É repórter especial. Ganhou prêmios Maria Moors Cabot (EUA) e da Fundación por un Nuevo Periodismo Iberoamericano. Escreve às quintas e aos domingos.
Pobres cansaram dos messias
O número que talvez melhor explique a derrota do chavismo no verdadeiro plebiscito que foi o pleito parlamentar de domingo (6) surge de um estudo do sociólogo Luis Pedro España (Universidade Católica Andrés Bello): o número de lares em situação de pobreza na Venezuela passou de 48,4% em 2014 para 73% este ano.
Em número de pessoas não é diferente: de 52,6% de pobres passou-se a 76%.
É natural, ante essa involução, que a maioria de venezuelanos tenha abandonado o governo que dizia representá-los. Afinal, sua monumental incompetência não conseguiu protegê-los.
É eloquente que uma pesquisa do "Venebarómetro" às vésperas da votação tenha mostrado que o grupo que mais esperava melhorias no país, com as eleições, era justamente o dos chavistas: 67,7% diziam acreditar que a situação do país melhoraria após a votação.
Como todas as pesquisas indicavam folgada vantagem da oposição –de resto confirmada nas urnas– dá para interpretar que nem os chavistas acreditavam na versão oficial de que a crise era culpa da "guerra econômica" supostamente movida pela oposição.
Derrotado no plebiscito, o presidente Nicolás Maduro fica sem chão para insistir na tese de "guerra econômica" e, ainda por cima, sem o controle da única instituição, a Assembleia Nacional, que escapa ao torniquete chavista.
O segundo homem do bolivarianismo, Diosdado Cabello, fica sem a presidência da Assembleia Nacional, da qual abusava despudoradamente.

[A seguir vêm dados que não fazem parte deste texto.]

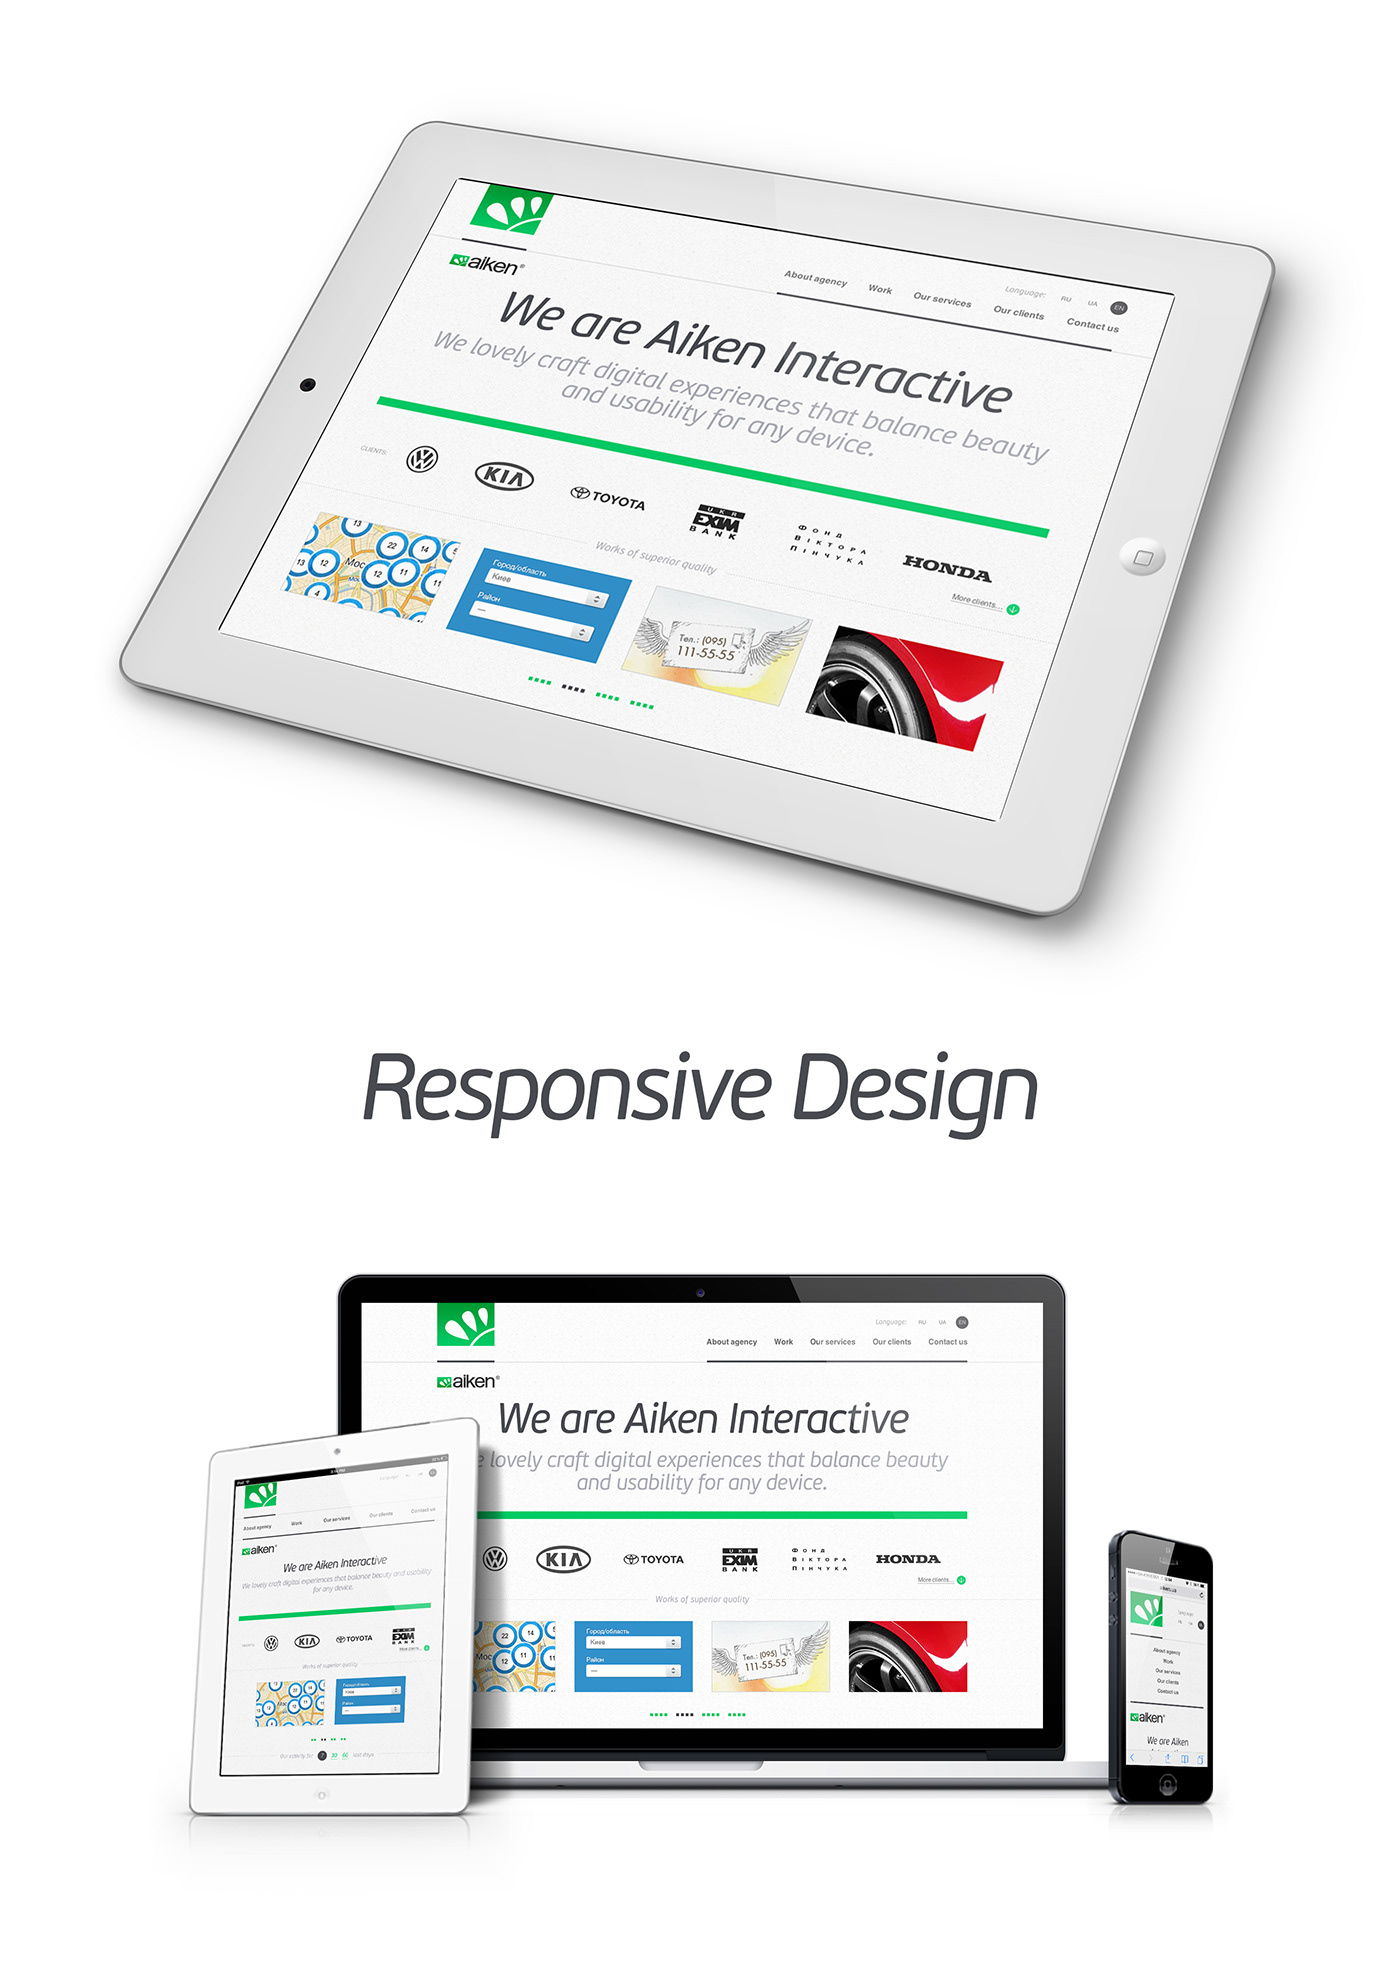 Adobe Portfolio aiken agency interaction Responsive digital interactive web design agency digital agency Interactive Agency web services development internet promotion
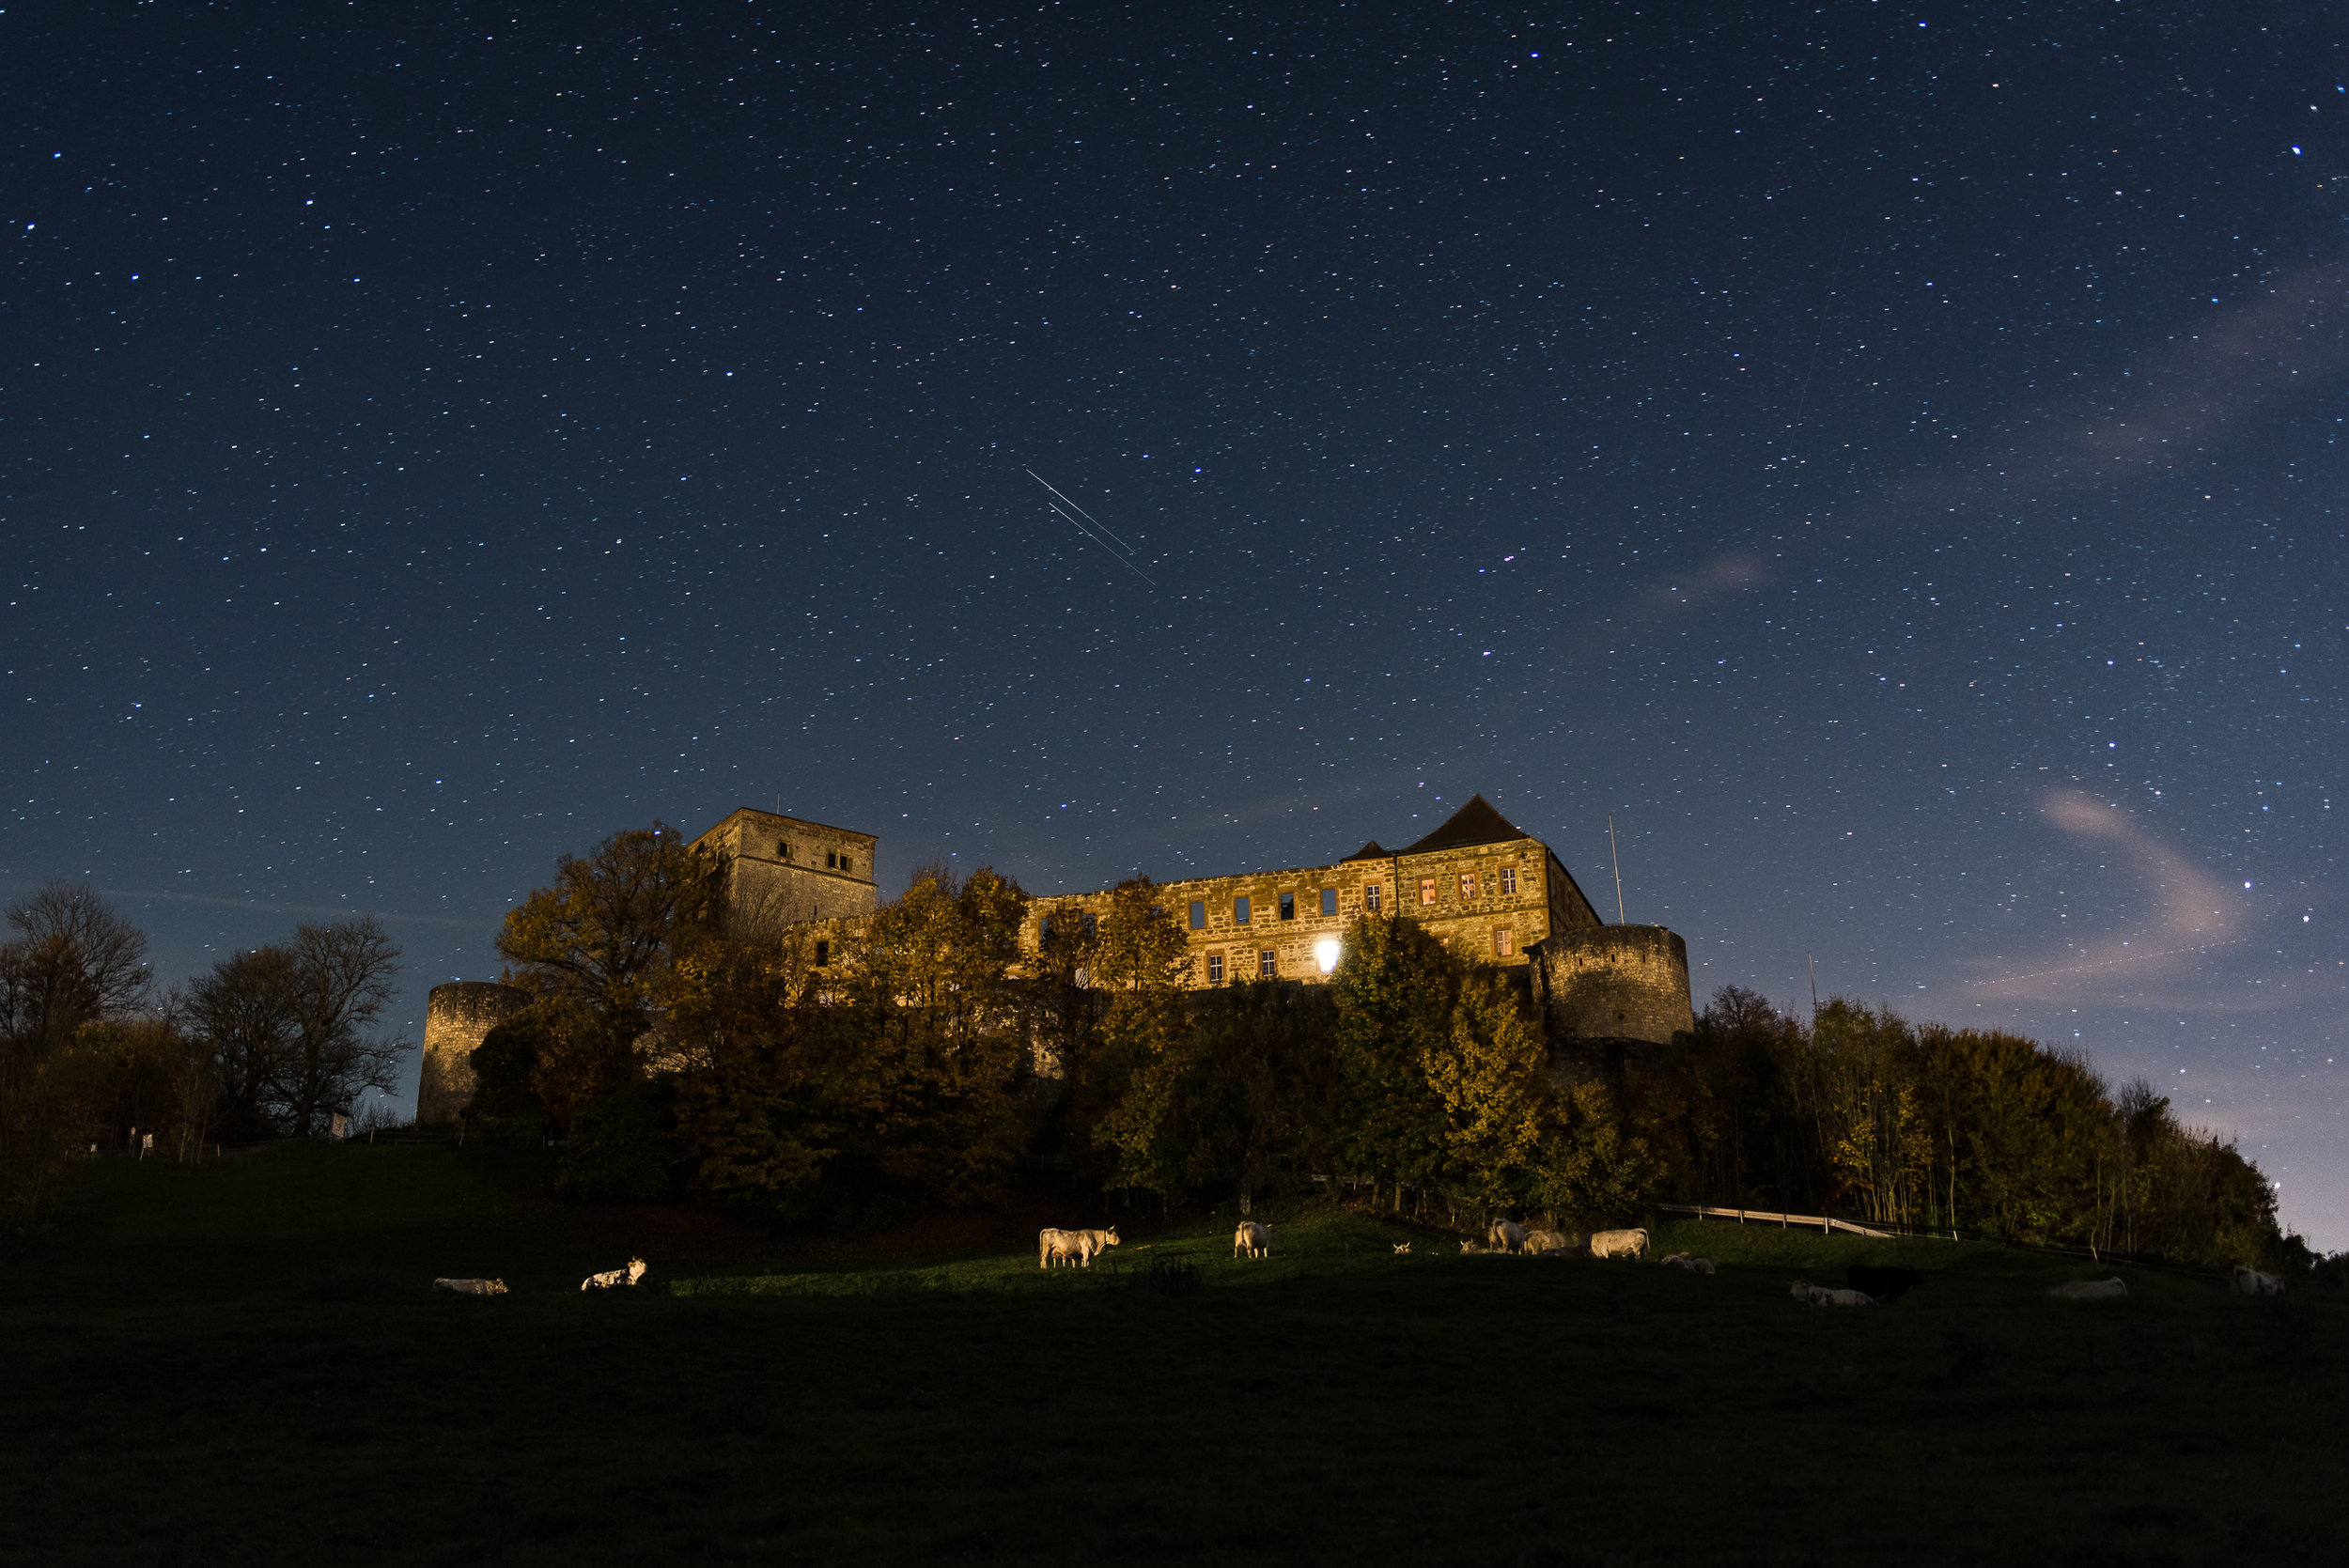 Giechburg bei Nacht - Starry Sky

É cedo ainda para saber como o chavismo reagirá à perda da invencibilidade eleitoral (antes, perdera apenas um plebiscito, cujo resultado logo reverteu).
Maduro é tosco demais para tirar do resultado a lição de que seu modelo supostamente socialista do século 21 é tão fracassado como o foi o do século 20.
Editoria de Arte/Folhapress | ||
Haverá no chavismo alguma sobra de inteligência para tentar corrigir a situação crítica em que se encontra o país? Ou haverá, como o próprio Maduro prometeu antes do voto, uma fuga para a frente, no sentido de radicalizar o modelo, o que significaria radicalizar o fracasso?
Pode ser, mas é preciso levar em conta que, pondo a Argentina no quadro, a esquerda perdeu a segunda votação consecutiva em apenas 15 dias, depois de 15 anos de triunfos ininterruptos, com a exceção da vitória de Sebastián Piñera no Chile.
Ou seja, já não haverá silêncio cúmplice ou apoio a aventuras.
Os pobres, inegavelmente beneficiados nesses 15 anos na América do Sul, cansaram dos seus messias agora que eles já não podem entregar novas benesses nem manter as antigas.